Recruiters are devising new and often unexpected ways to penetrate daily Latino life. "I went to a birthday celebration at Chuck E. Cheese's," says Sanchez, a 25-year-old single mom from San Marcos, California, just outside San Diego. "We were watching a puppet show when all of a sudden a military song is playing in the background. I thought that was weird but kept watching. A couple of minutes later, all of us were looking at pictures on a TV screen of people in the Army giving food and supplies to kids in Iraq. My friends and I thought that was really weird--and got out."

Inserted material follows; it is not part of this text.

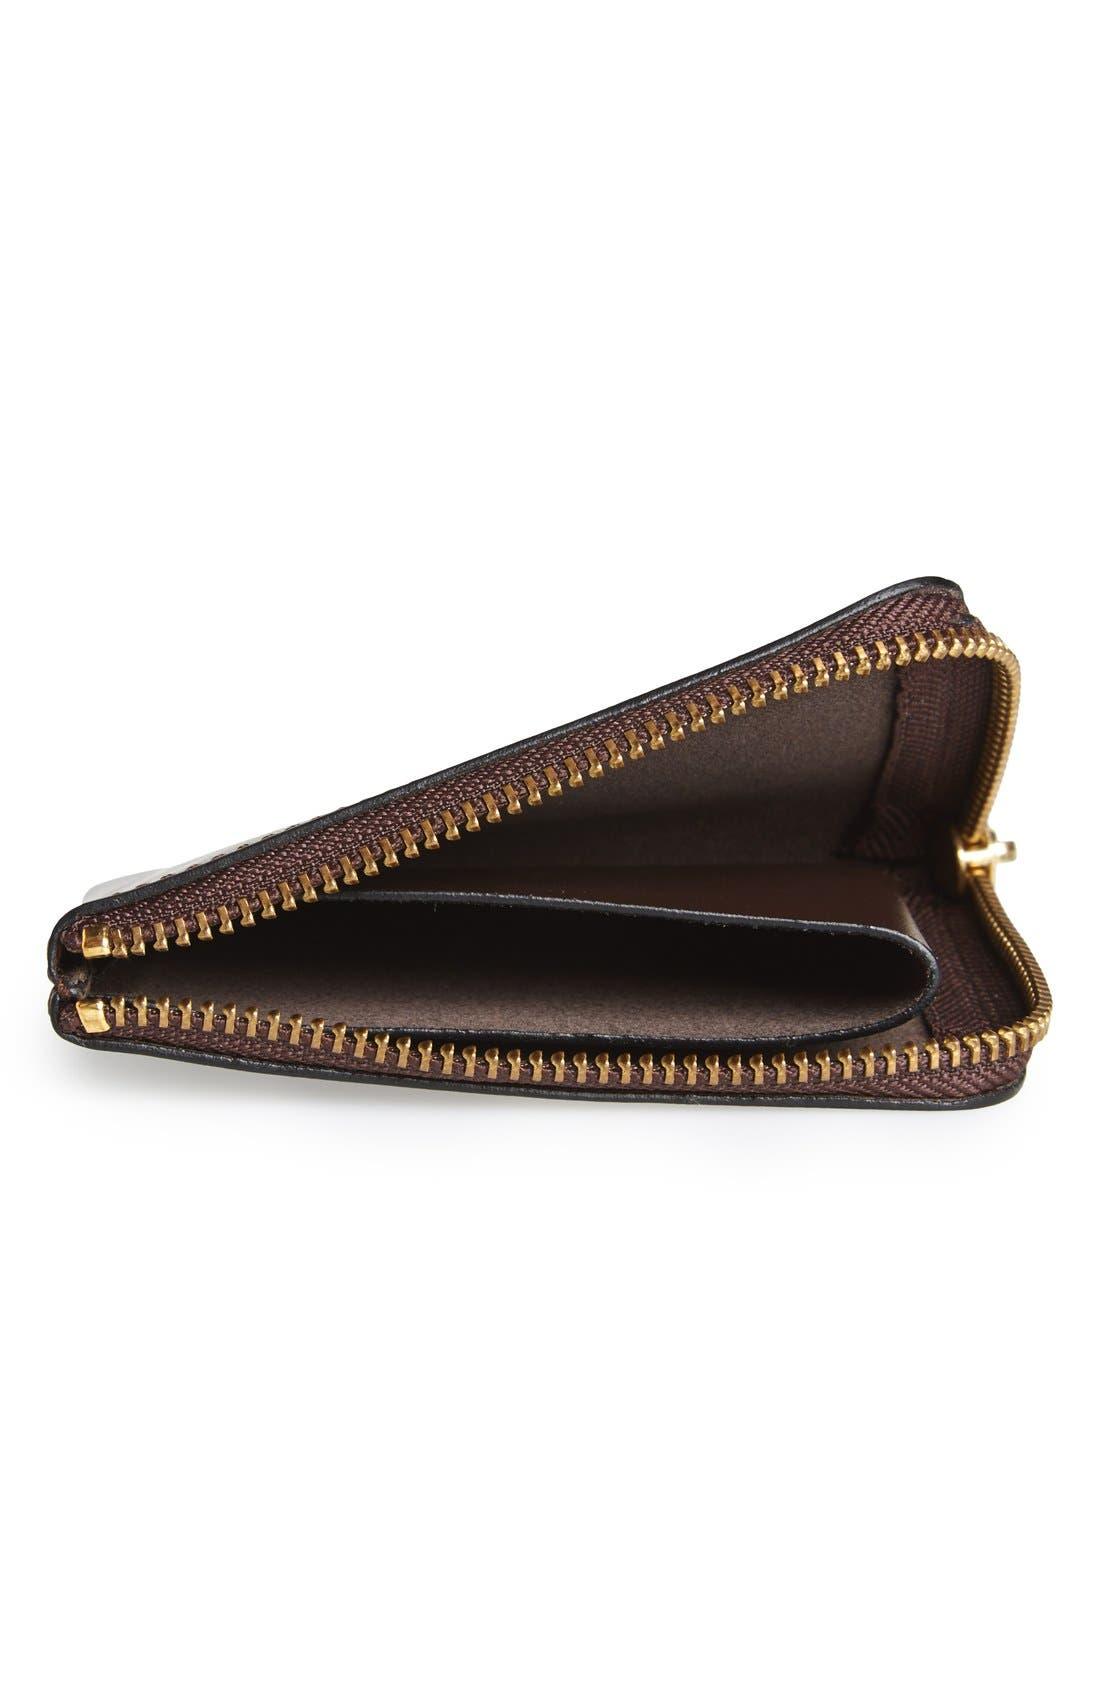 ,                             Half-Zip Leather Wallet,                             Alternate thumbnail 8, color,                             200

The bad news for Pentagon planners is not just Sanchez's negative reaction to the puppet show, or even her eventual decision not to join the Navy. It's that she and other Latinos who are rejecting the military's overtures are turning around and organizing a grassroots movement against recruitment in their community.

From the northernmost corner of Washington State to the southernmost beaches of south Florida, veteran Latino counterrecruiters and younger activistas are facing off against thousands of military recruiters in a battle that will determine whether Latino youth continue echoing the "Yo soy el Army" and other Pentagon PR slogans or instead adopt the "Yo estoy en contra del Army" slogan taken up by Sanchez. The counterrecruitment movement, spearheaded by scores of Latinos in Chicago, El Paso, Tucson and other cities, suburbs and rural communities, is largely occurring beneath the radar of the mostly white antiwar movement, despite its potential to alter the course of Iraq and future US wars.

About Roberto Lovato

Roberto Lovato, a frequent Nation contributor, is a New York-based writer with New America Media. more...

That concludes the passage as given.